KKAL
- Paso Robles, California; United States;
- Broadcast area: San Luis Obispo, California
- Frequency: 92.5 MHz
- Branding: The Krush 92.5

Programming
- Format: Adult album alternative
- Affiliations: Jones Radio Network

Ownership
- Owner: American General Media; (AGM California);
- Sister stations: KKJG, KSTT-FM, KVEC, KZOZ

History
- First air date: November 20, 1972
- Former call signs: KPRA (1972–1982); KDDB (1982–1999); KWSR (1999–2004);

Technical information
- Licensing authority: FCC
- Facility ID: 64343
- Class: B
- ERP: 4,800 watts
- HAAT: 453 meters (1,486 ft)
- Transmitter coordinates: 35°21′40″N 120°39′21″W﻿ / ﻿35.36111°N 120.65583°W

Links
- Public license information: Public file; LMS;
- Webcast: Listen live
- Website: krush925.com

= KKAL =

KKAL (92.5 FM, "The Krush 92.5") is a commercial radio station that is licensed to Paso Robles, California and serves the San Luis Obispo area. The station is owned by American General Media and broadcasts an adult album alternative (AAA) radio format.

KKAL is notable due to its linkage to the area's wine industry and culture, both in its imaging (e.g. the "Krush" name, as in crushed grapes) and various wine-related programs that air regularly. The studios and offices are on Sacramento Drive in San Luis Obispo and the transmitter is off TV Tower Road in Santa Margarita.

==History==

===Early years===
KKAL first signed on November 20, 1972 as KPRA, the sister station to KPRL (1230 AM), with a country music format.
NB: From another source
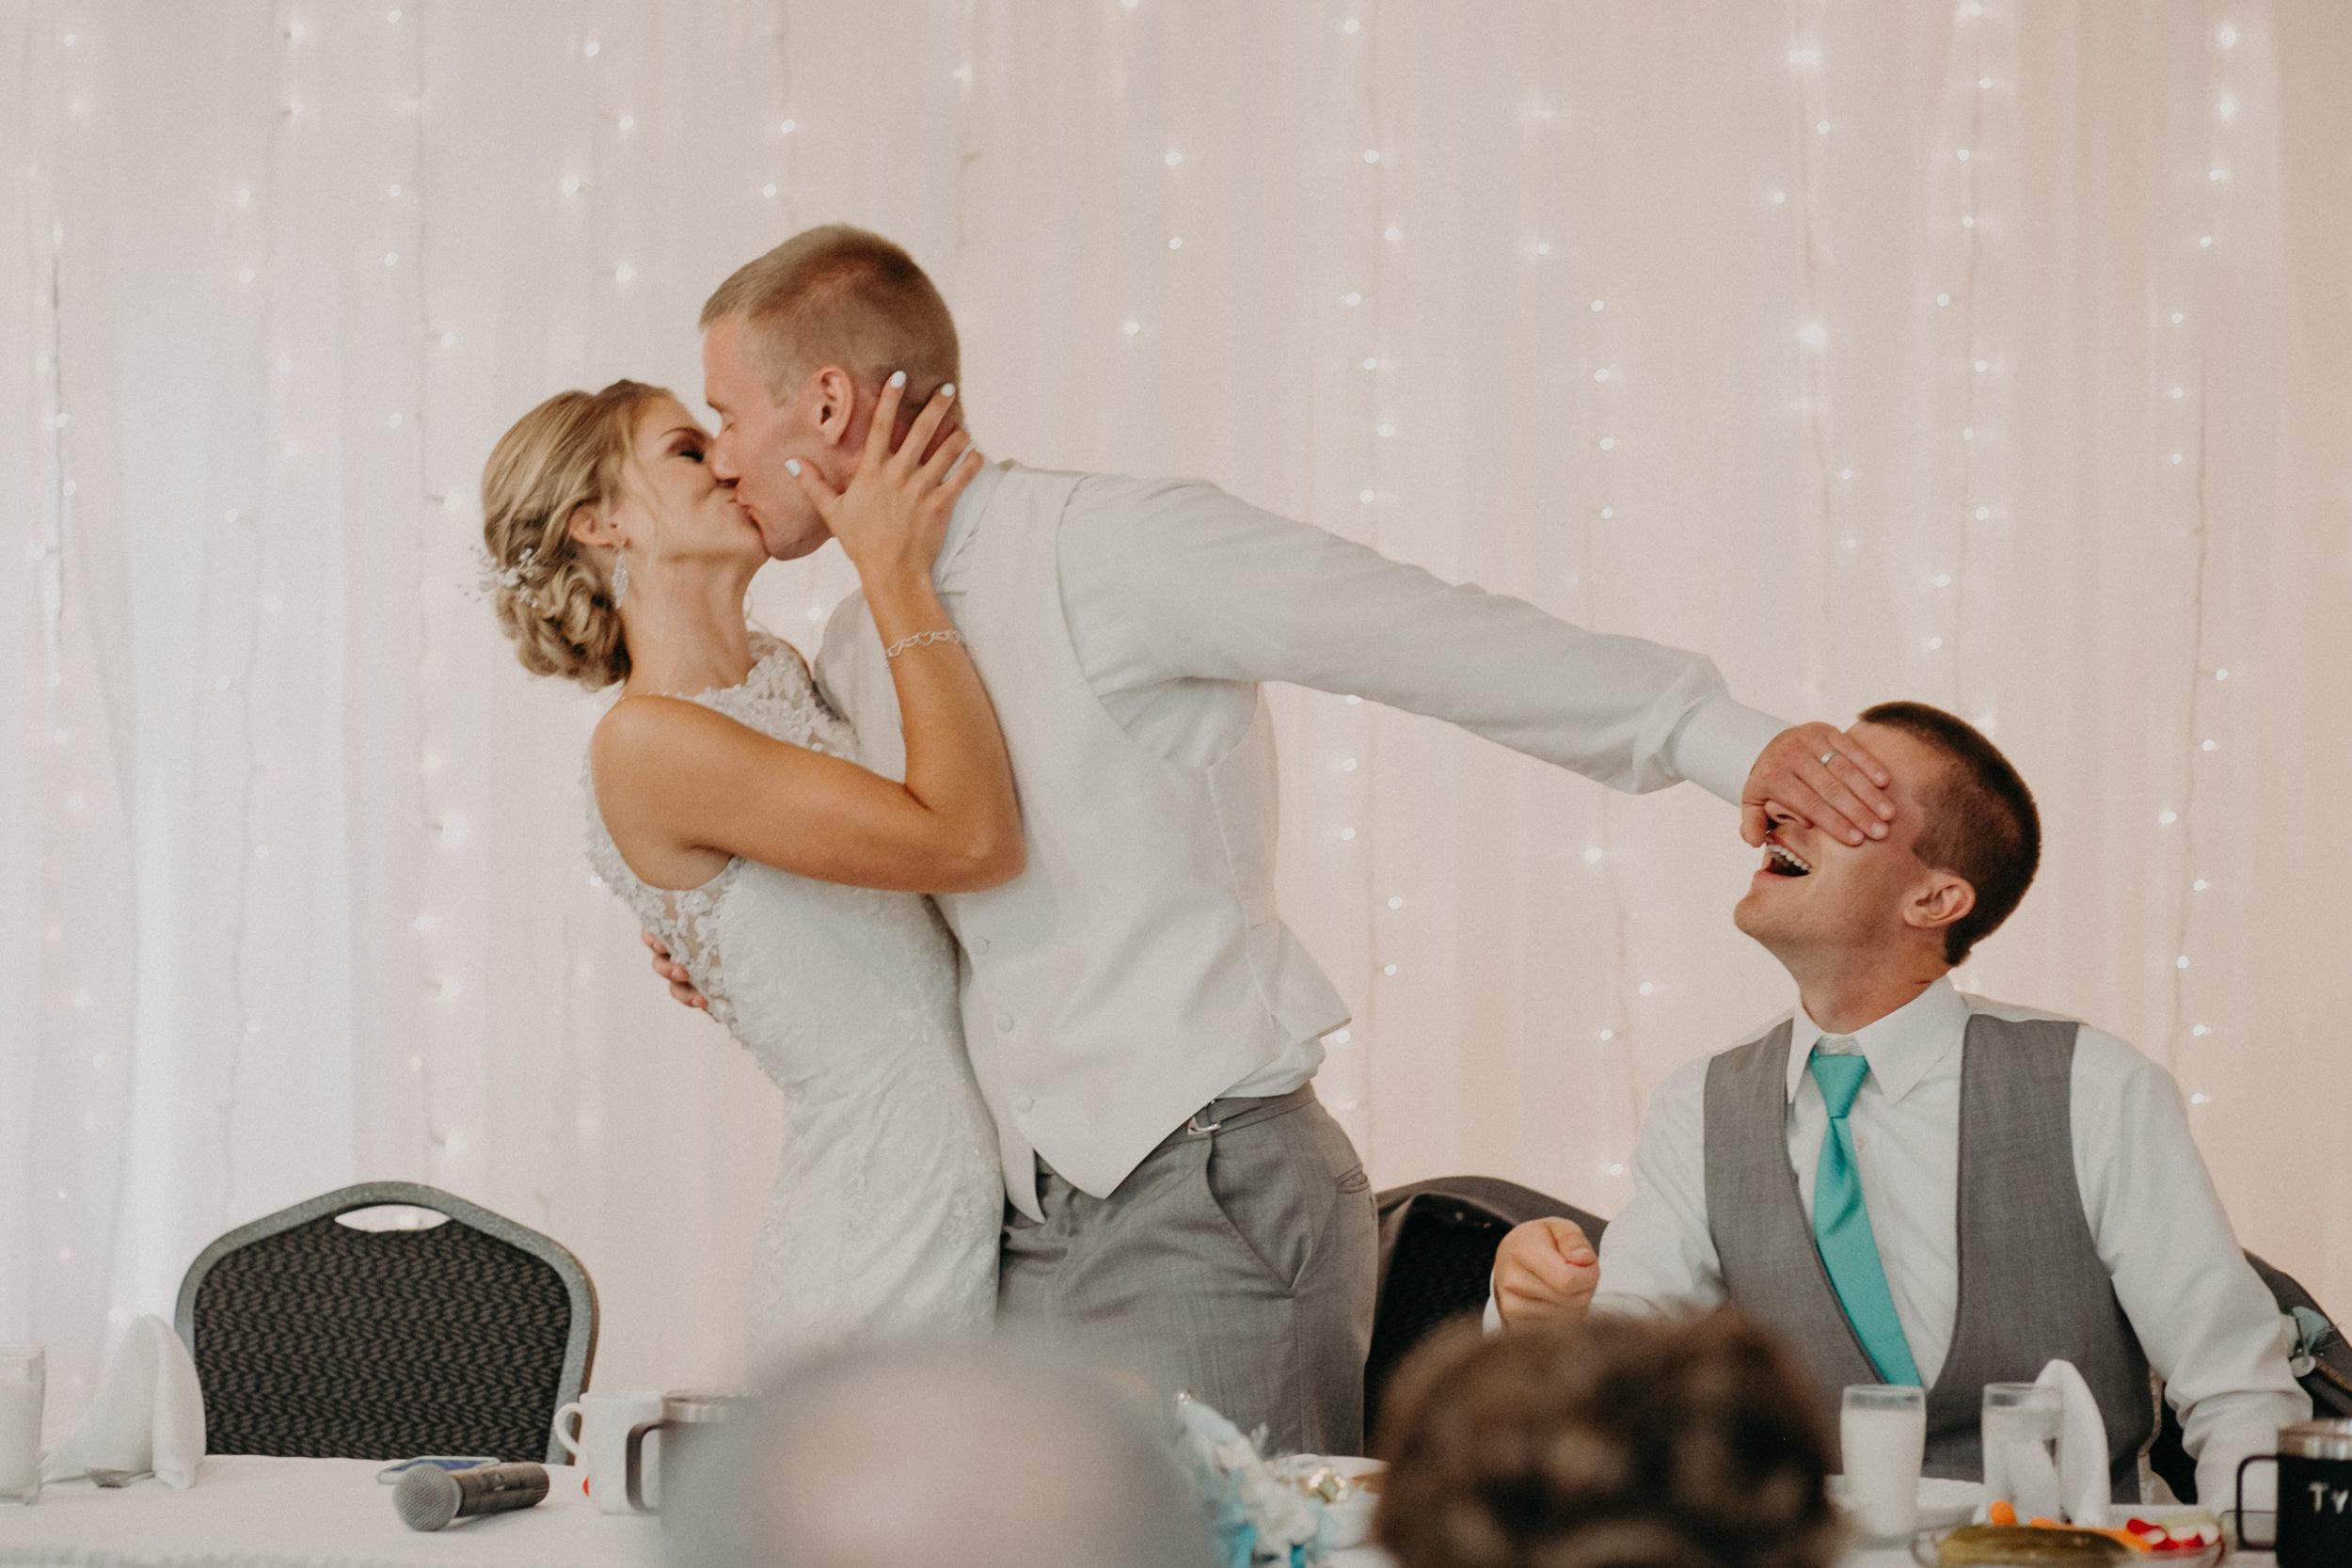 lenz-stargardt-wedding-reception-eagles-club-kissing-bride-groom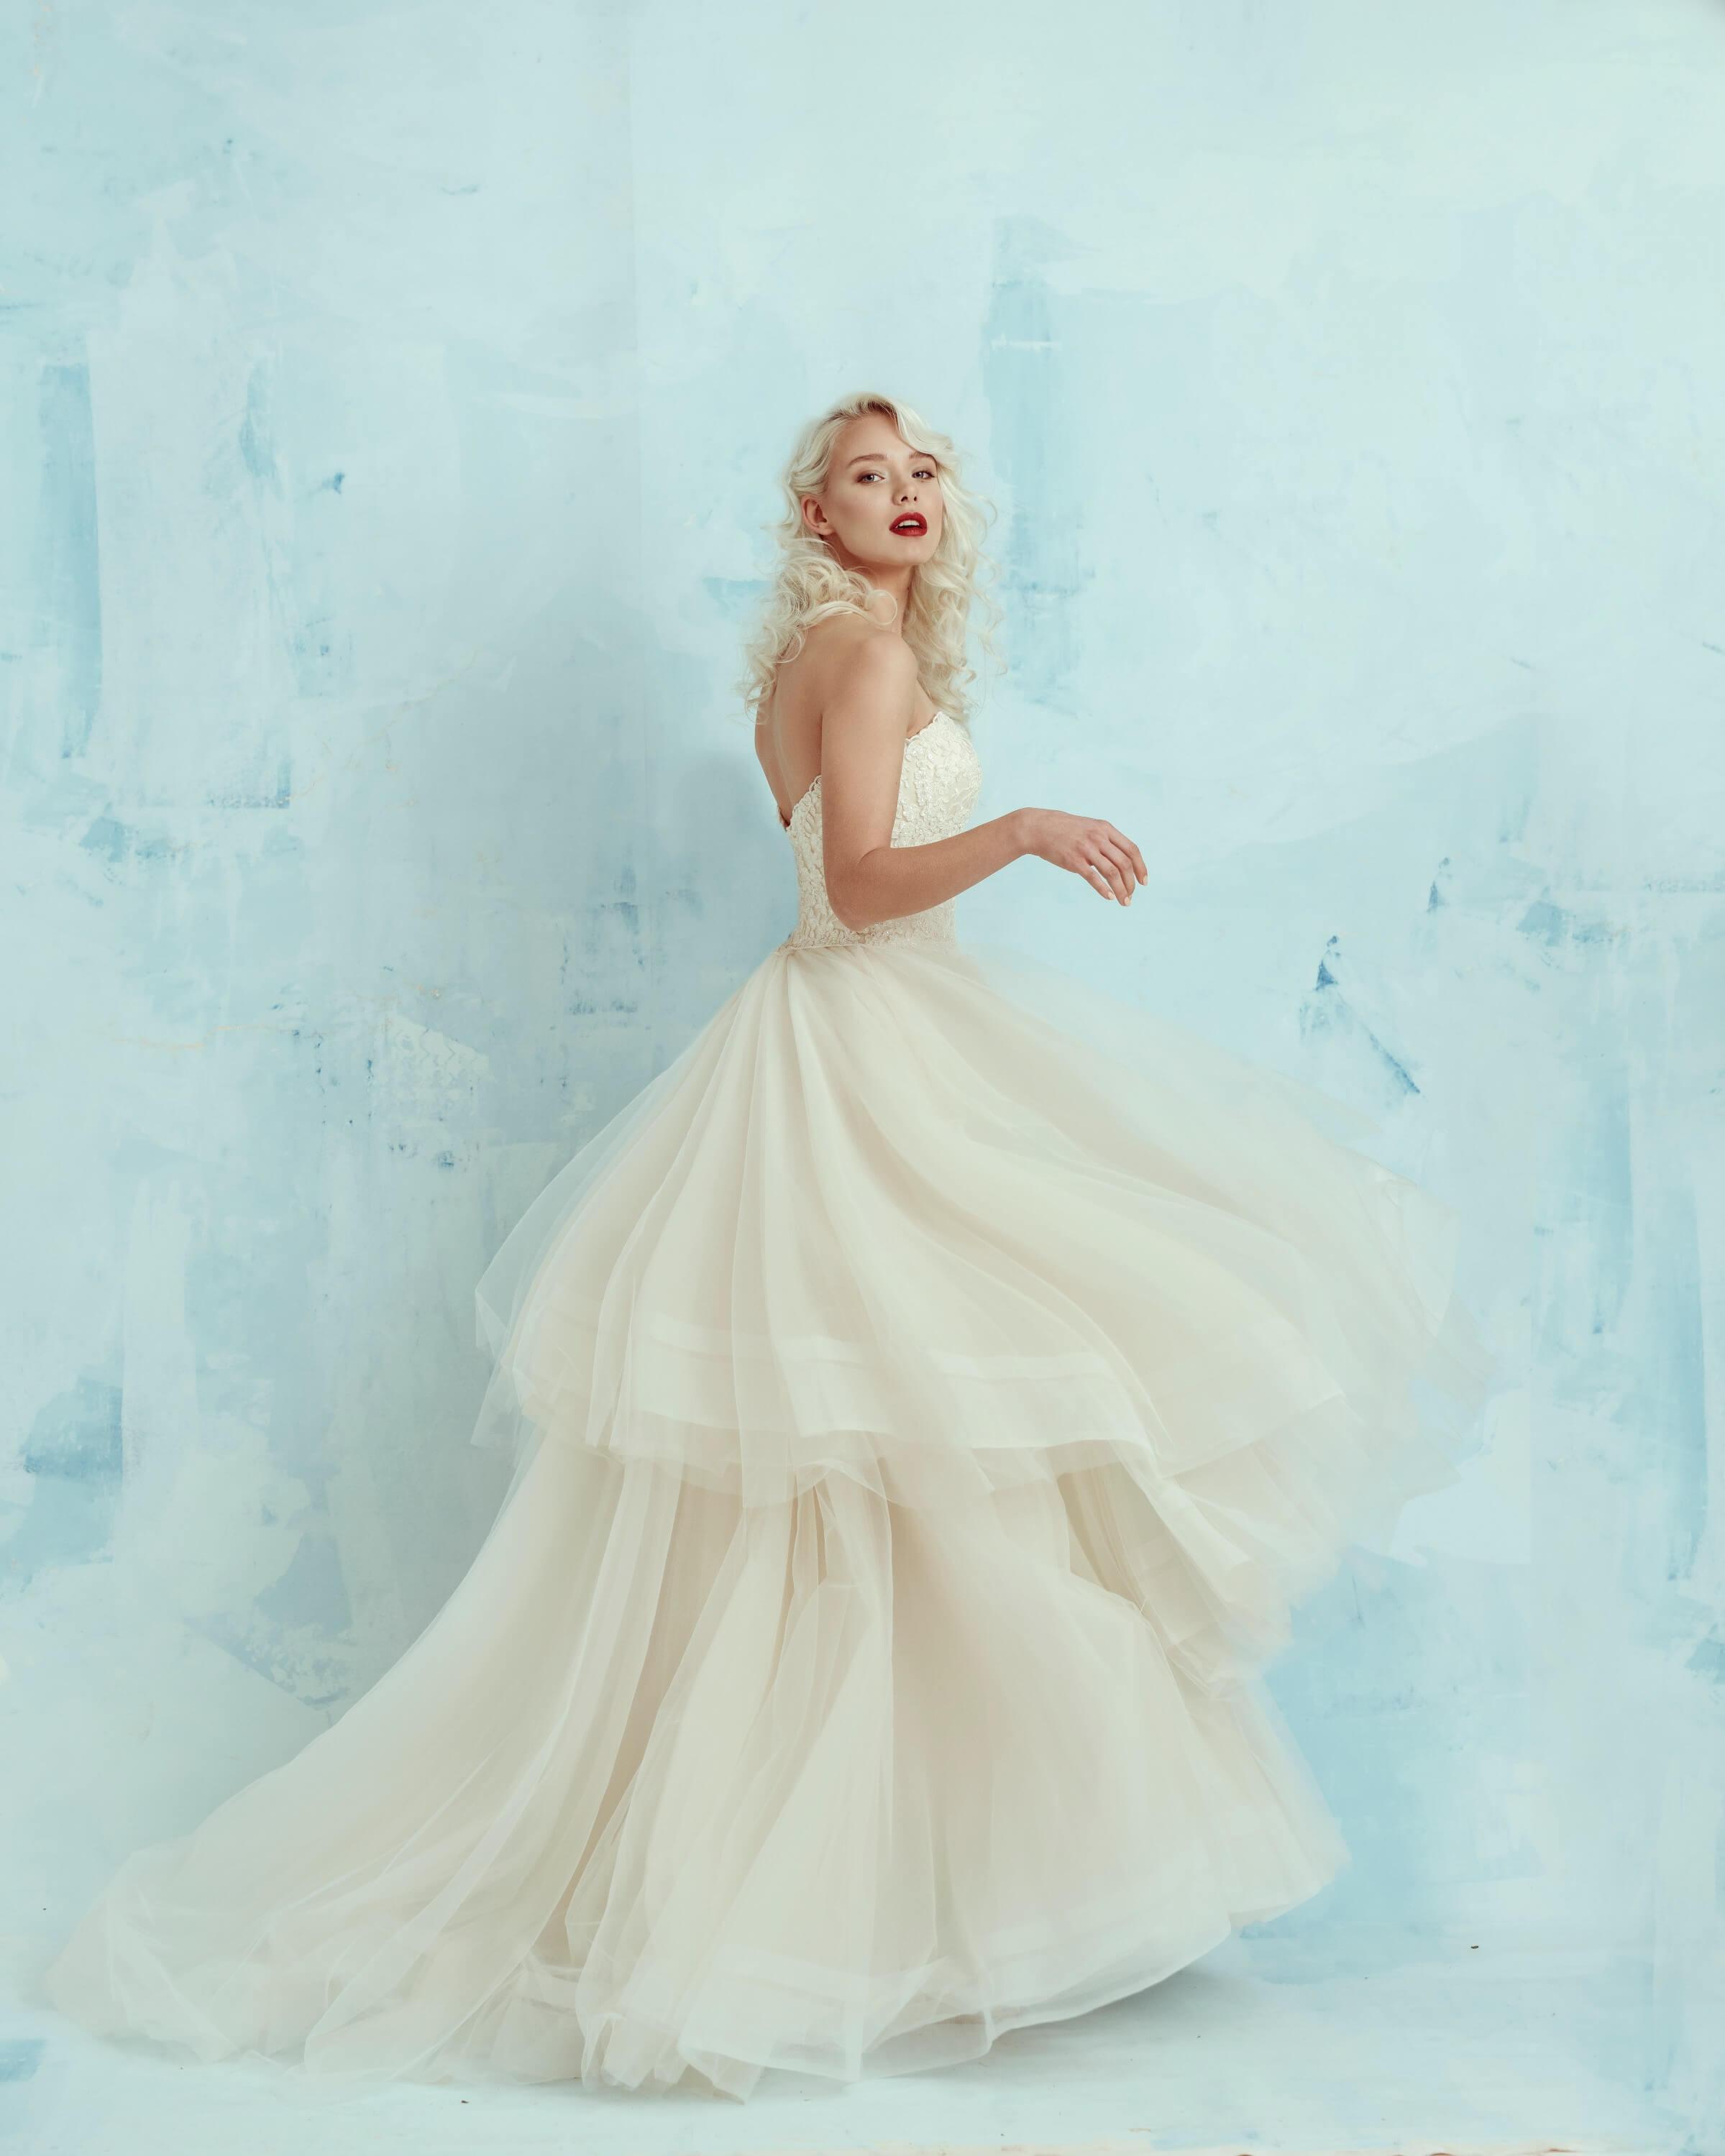 Vendita Abiti da Matrimonio Roma Prati – La Vie en Blanc

In December 1982, KPRA switched its call sign to KDDB but kept the country format.

In April 1991, Owensville Communications Company sold KDDB to Zindy Broadcasting, headed by Stephen B. Jones, for $350,000.

===American General Media era (1997–present)===
In 1997, American General Media purchased KDDB for $675,000. The country format lasted until 2000, when the station became KWSR, a modern adult contemporary outlet known as "Star 92.5". In 2004, the station changed its call letters to KKAL and flipped to classic country, a format that lasted only two years.

In April 2007, KKAL switched formats to hot adult contemporary with the new moniker "The Krush @ 92.5". This branding is inspired by the surrounding Paso Robles wine country, conjuring up images of the vineyards that host wine tasting tours that have grown in popularity.